Explore the decision logic with interactive visualizations: the evidence flow through the pipeline, the embedding manifold, and the decision boundaries. Each diagram is interactive — hover to reveal signals, click to explore details.

View Visualizations →
07/

Engineering

what makes it trustworthy
Isolation
The personal process re-execs itself with MUSER_HOME set before any heavy import, so import order can never leak the main root.
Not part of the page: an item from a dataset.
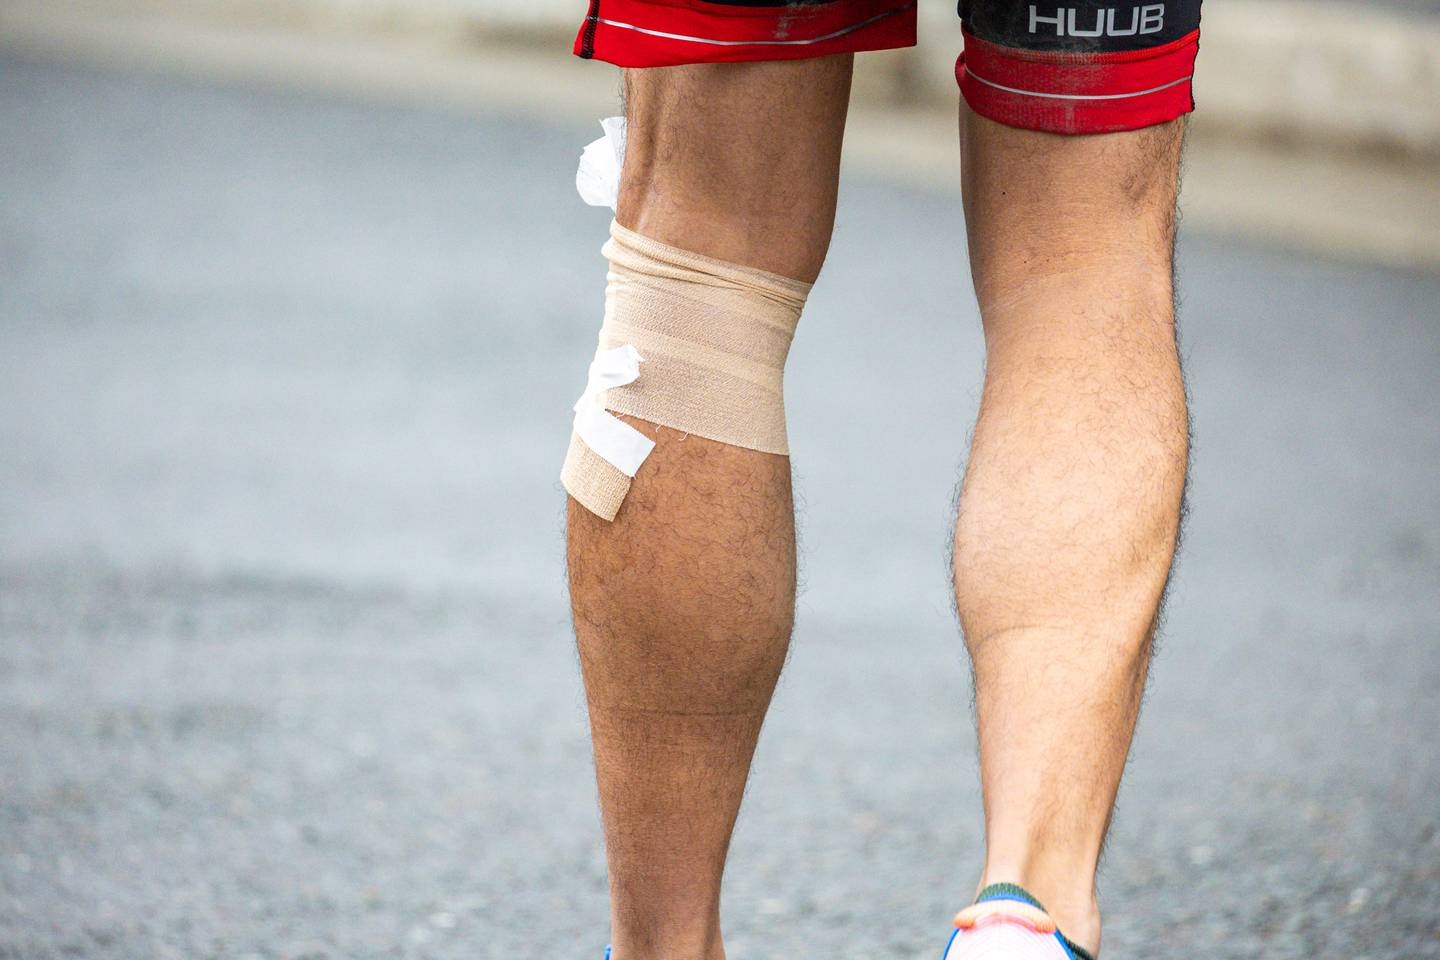 Injuries were inevitable during the Ironman Alaska race

Write endpoints 403 on the main instance.
Labels are gold
A corrupt label file once read silently as {}, and the next save clobbered ~1,800 human labels from empty. Fix: corrupt-but-present → quarantine + raise, never silent {}. Back-ported to every sidecar + per-process temp names + atomic writes.
No data loss
Moved (reference→main) and trashed (delete) images both keep their embedding — via manifest+npz link and a tag-time snapshot — so curation never silently shrinks the training set.
Verified
Every number on this page was pulled from the live system: real signal values from personalness.json, real verdicts from the running service.